This Is AuburnElectronic Theses and Dissertations

Exploring LEO-Aided GPS Direct Position Estimation in Degraded Signal Environments

Date

2024-07-25

Author

Koza, J. Tanner

Type of Degree

Master's Thesis

Department

Mechanical Engineering

Abstract

Due to their low received signal power, Global Navigation Satellite Systems (GNSS) are easily subject to radio frequency interference (RFI). Subsequently, extensive research regarding advanced receiver designs that mitigate RFI is ubiquitous. Among these designs is the Direct Position Estimation (DPE) architecture, which addresses the shortcomings of conventional receivers by jointly processing all channels and estimating the receiver state in a single step.
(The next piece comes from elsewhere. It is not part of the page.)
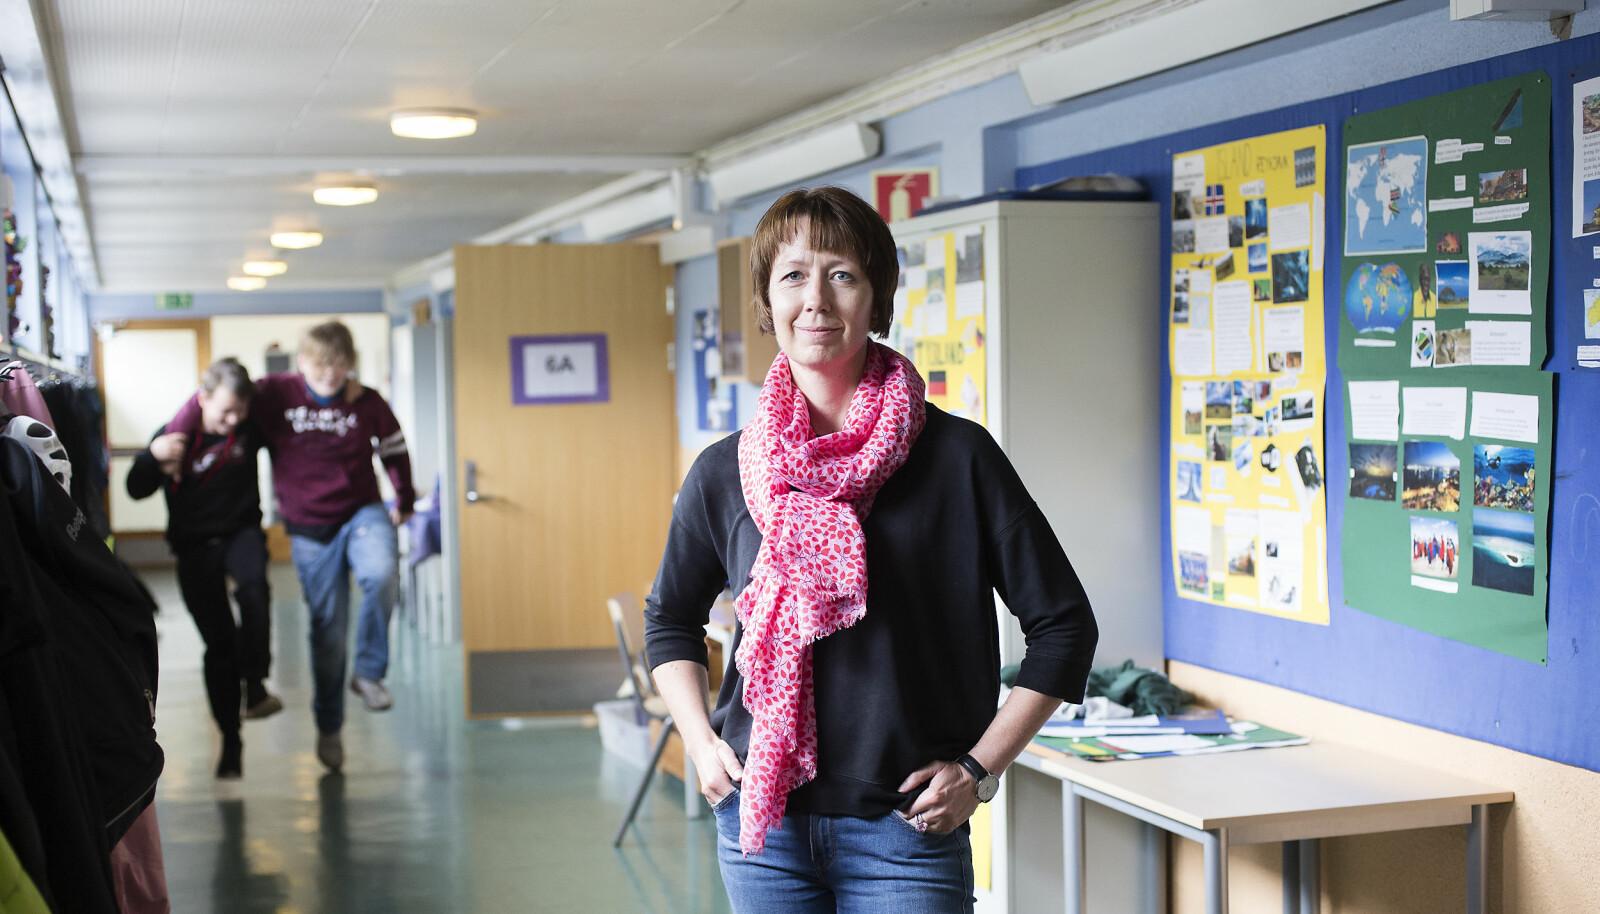 Rektor Monika Antun anbefaler skoler og kommuner å hive seg på ordningen med veilederkorps om de får sjansen. - Det er mye å lære. Men tenk grundig gjennom hva du vil ha ut av det, sier hun. Foto: Silje Katrine Robinson

Combining each channel’s received power, this single-step methodology proves more robust than receivers that fuse measurements from independently processed channels in two steps. Despite this robustness, DPE can still succumb to the effects of RFI. This thesis discusses the performance capabilities of two DPE architectures that utilize dedicated and opportunistic low Earth orbit (LEO) positioning, navigation, and timing (PNT) sources, respectively, to supplement the Global Positioning System (GPS) in various RFI scenarios. Specifically, a Bayesian DPE approach is applied to each architecture, and necessary modifications are introduced for each LEO source. Furthermore, a methodology that prevents the obfuscation of GNSS information by high-powered LEO signals is presented. Each architecture’s performance is evaluated using a Monte Carlo analysis that employs a correlator-level simulation of GPS L1 C/A. It is shown that including dedicated and opportunistic LEO sources substantially reduces the root mean square errors (RMSE) associated with the estimated position, velocity, and timing (PVT) states in high GPS attenuation regimes compared to other architectures. Specifically, the proposed architectures are compared to standalone GPS DPE, LEO-aided GPS Vector Processing (VP), and standalone GPS VP. The VP comparisons are included to gauge performance against a two-step methodology. The results also indicate that the probability of tracking GPS in the scenario with the highest RFI increases by up to 85.12 % compared to the additional architectures. Furthermore, a simple computational efficiency study assesses the benefits of aiding the naturally computationally expensive. DPE architecture with dedicated LEO signals. Lastly, an open-source satellite navigation simulation environment is introduced.